DMCI-led Semirara Mining and Power Corporation (SMPC) is forecasting nearly P7 billion in capital expenditures (capex) for 2025, with the majority allocated for coal development.
In a briefing, SMPC announced an anticipated P6.9 billion group capex. Approximately 84 percent of this amount (P5.8 billion) will be used for coal refleeting and the acquisition of additional mining and support equipment.
This amount is 23 percent higher than the company's 2024 funding forecast, which was projected at P4.7 billion.
Conversely, SMPC's power units may see a drop in capex for this year.
SEM Calaca Power Corporation (SCPC), which manages the 600-megawatt (MW) Calaca-based Batangas coal thermal plant, is projected to have around P700 million in CAPEX in 2025. This is 50 percent lower than the P1.4 billion expected for 2024.
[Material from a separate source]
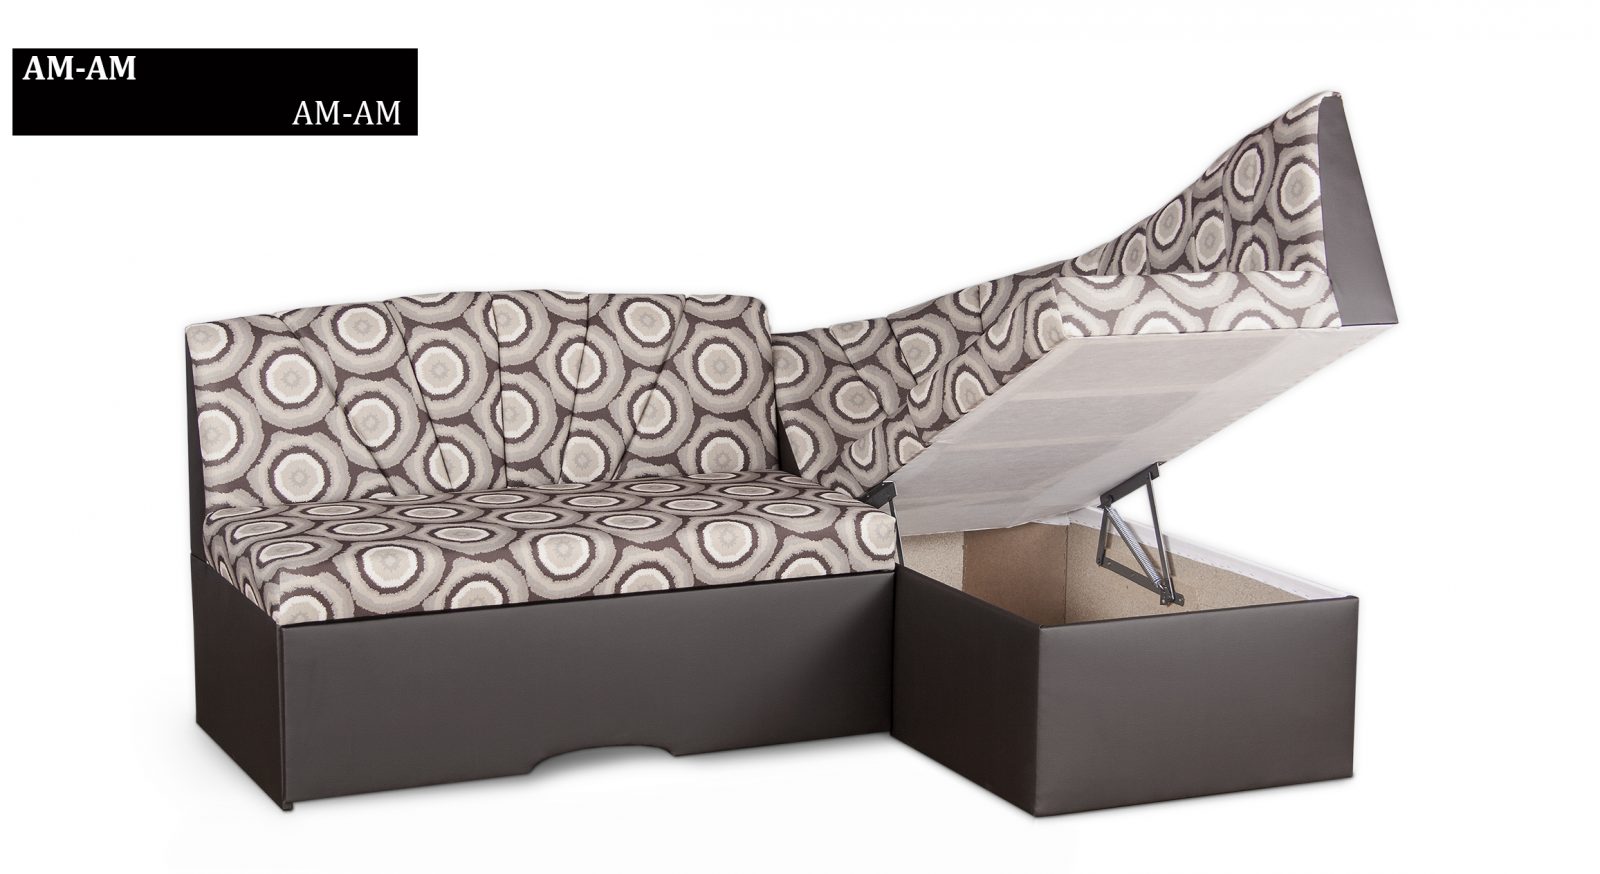 (Български) Трапезен ъглов диван  | стандарт |»АМ-АМ»| Руди-Ан

Southwest Luzon Power Generation Corporation (SLPGC), which operates a 300 MW coal-fired plant in Calaca, Batangas, anticipates a potential P400 million in spending for this year. This is a 20 percent decline from the forecasted amount of P500 million.
Overall, SMPC expects a 5 percent increase in its capex this year, compared to the projected P6.6 billion for 2024. This includes investments in coal and its Batangas-based companies, SCPC and SLPGC.
Last year, the group increased its coal shipments by 4.4 percent to 16.5 million metric tons (MT) due to high domestic demand and demand from China.
SMPC described this achievement as historic, surpassing its previous record of 15.8 million MT.
Foreign shipments grew by 8.4 million MT last year. China received 7.6 million MT, 46 percent higher than in 2023.